Project Page | Paper | Annotations

This repo provides the code for our paper "Understanding and Evaluating Racial Biases in Image Captioning."

Citation

@inproceedings{zhao2021captionbias,
   author = {Dora Zhao and Angelina Wang and Olga Russakovsky},
   title = {Understanding and Evaluating Racial Biases in Image Captioning},
   booktitle = {International Conference on Computer Vision (ICCV)},
   year = {2021}
}

Requirements

python = 3.8.2
numpy = 1.18.5
pandas = 1.1.3
spacy = 2.3.5
spacy_universal_sentence_encoder = 0.3.4
pycocotools = 2.0.2
scikit-learn = 0.23.2
scipy = 1.4.1
vadersentiment = 3.3.2

Data annotations

To run the analyses, place the downloaded annotations in the folder annotations as well as the annotations provided with the COCO 2014 dataset.

Models

We use six different image captioning models in our paper. The models are adapted from the following Github repositories and are trained using the respective protocols detailed in their papers. In our work, we train each model on the COCO 2014 training set and evaluate on the COCO 2014 validation set.

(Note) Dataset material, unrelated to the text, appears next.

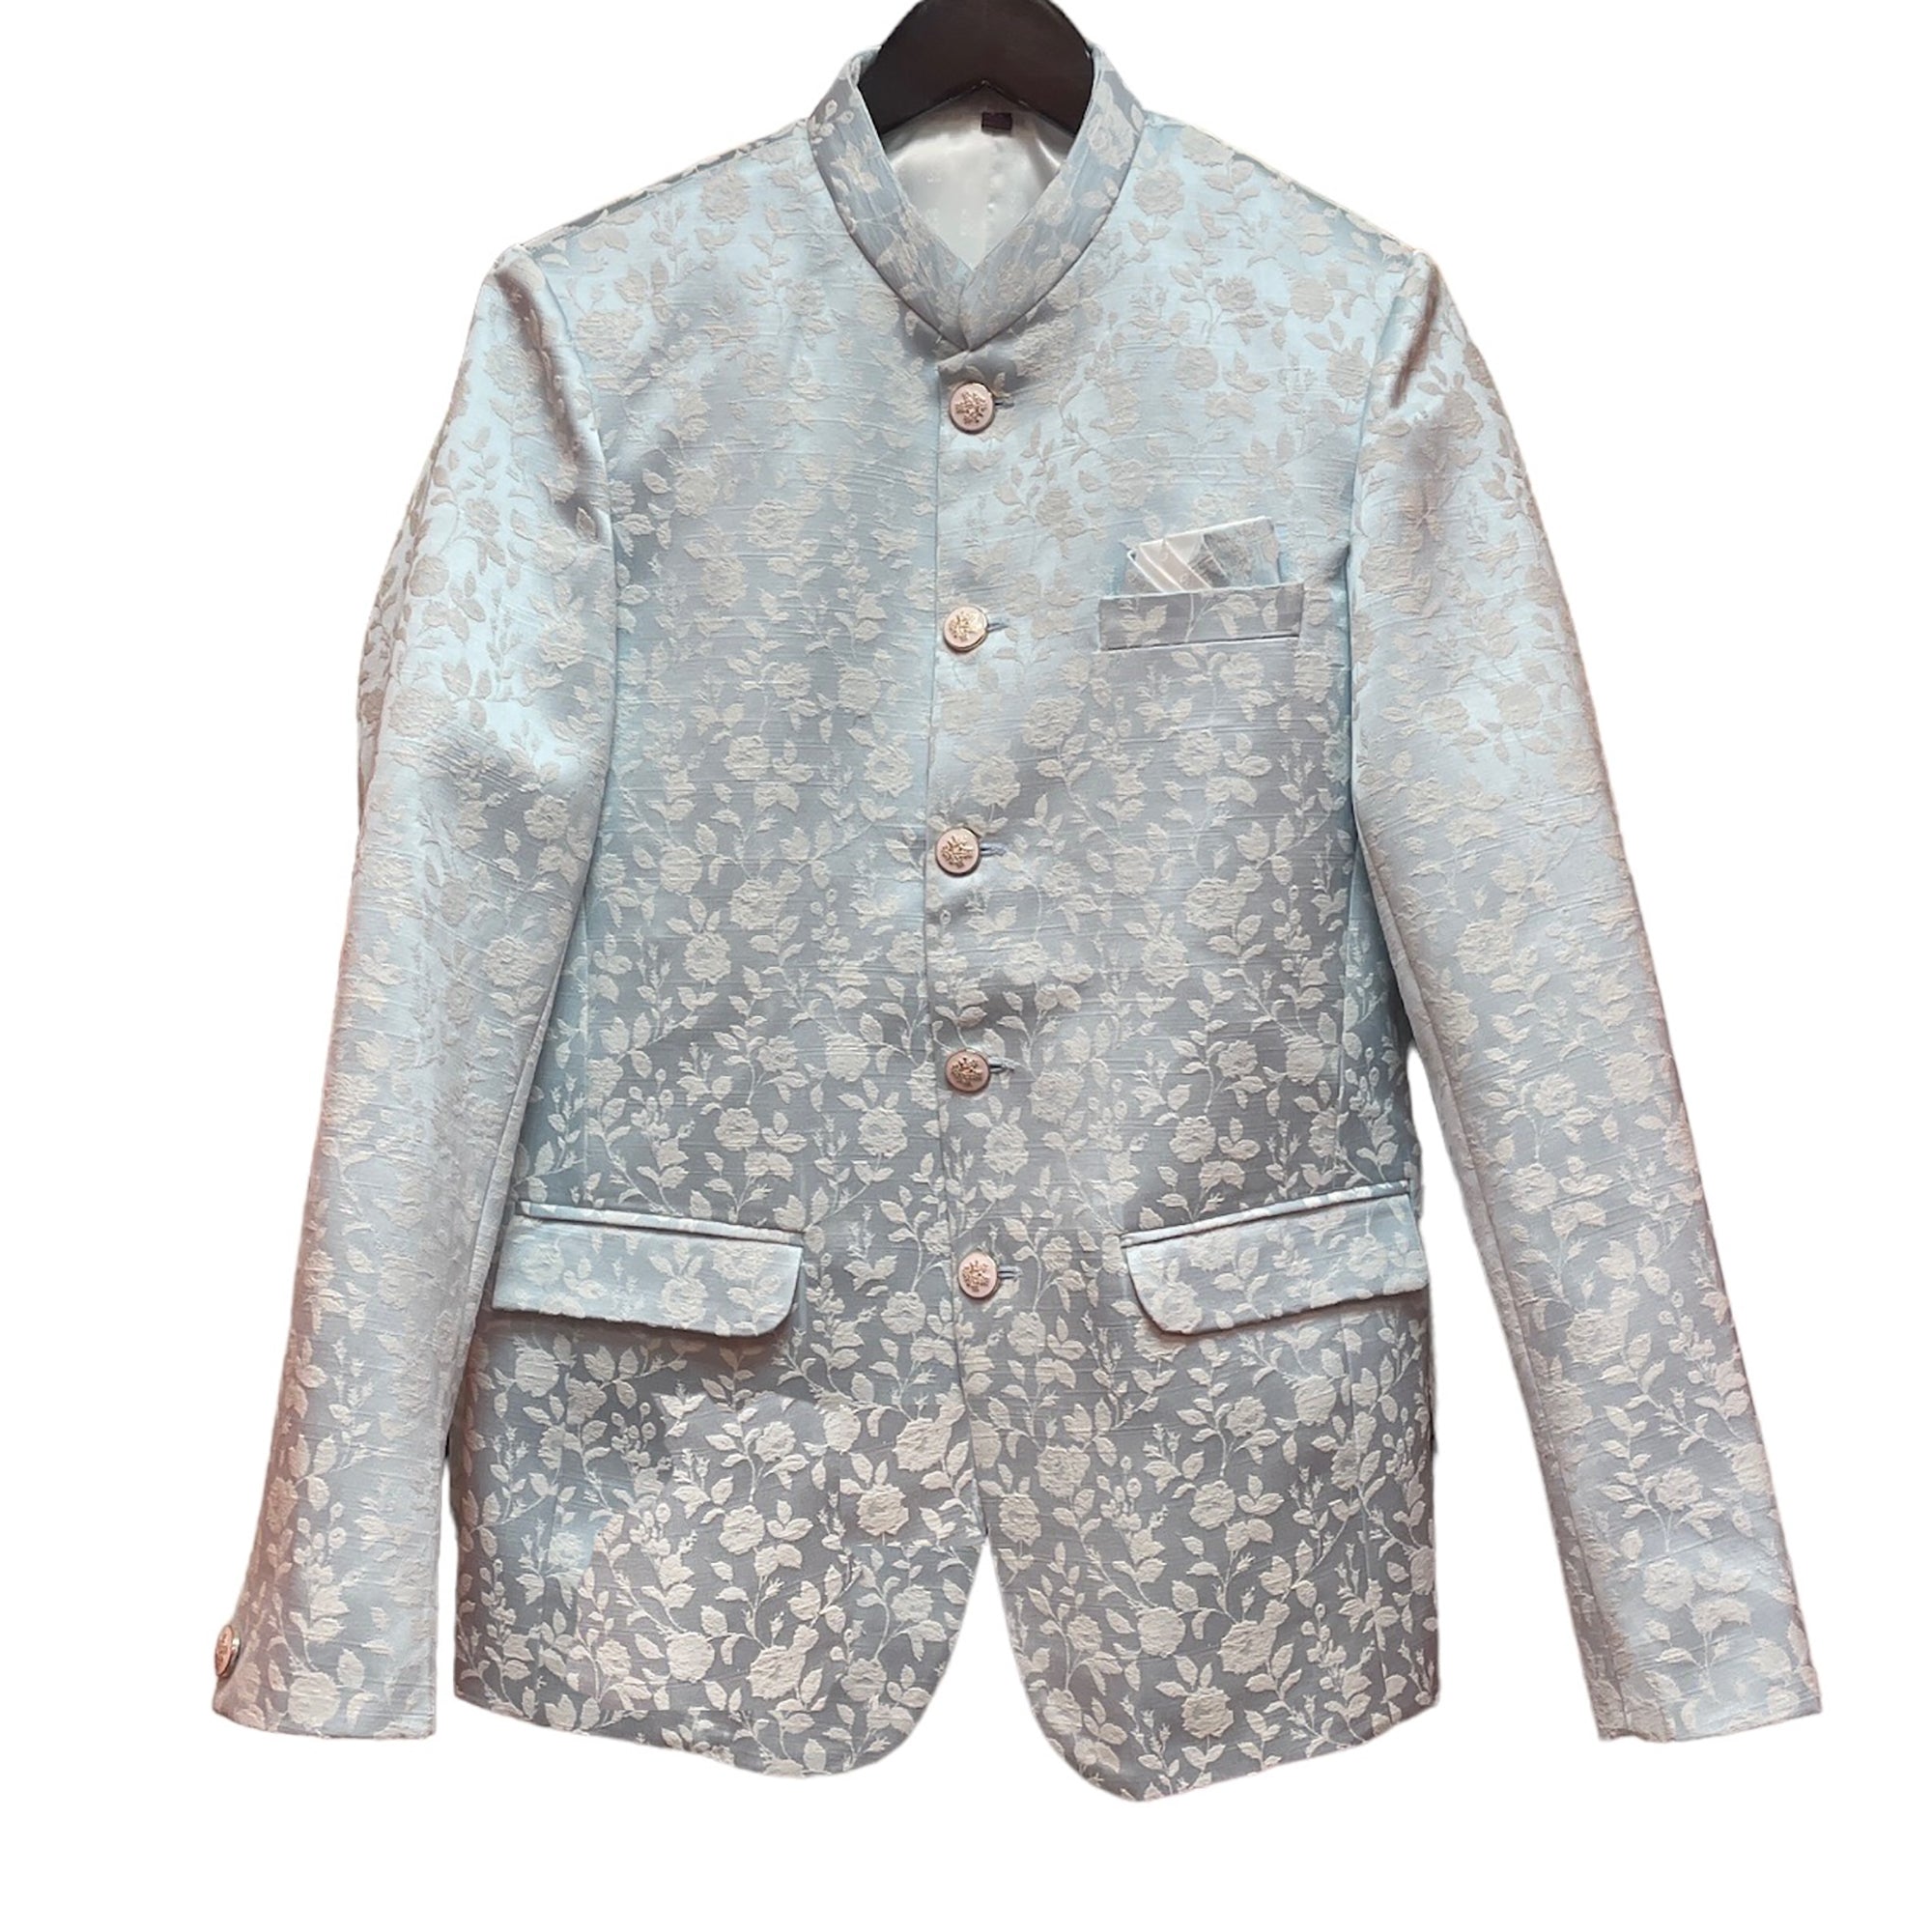 Pale Blue Floral Jodhpuri Jacket - Vintage India NYC

FC, Att2In, Transformer: These models are adapted from Ruotian Luo's ImageCaptioning.pytorch.
DiscCap: This model is adapted from Ruotian Luo's DiscCaptioning.
AoA Net: This model is adapted from Lun Huang's AoANet.
Oscar: This model is adapted from Microsoft's Oscar.

Place the model results in the results folder.

Analyses

All analysis files are found in the code folder.

find_descriptors: Gets occurrences of descriptors
image_appearance.py: Analyze the simple image statistics of ground-truth COCO images.
sentiment_analysis.py: Analyze the sentiment in ground-truth and generated captions using VADER.
caption_content.py: Analyze the differentiability of ground-truth and generated captions.

To evaluate captions, you will need to follow the setup protocol here for pycocoevalcap. Our evaluation code can be found in evaluate_captions.py.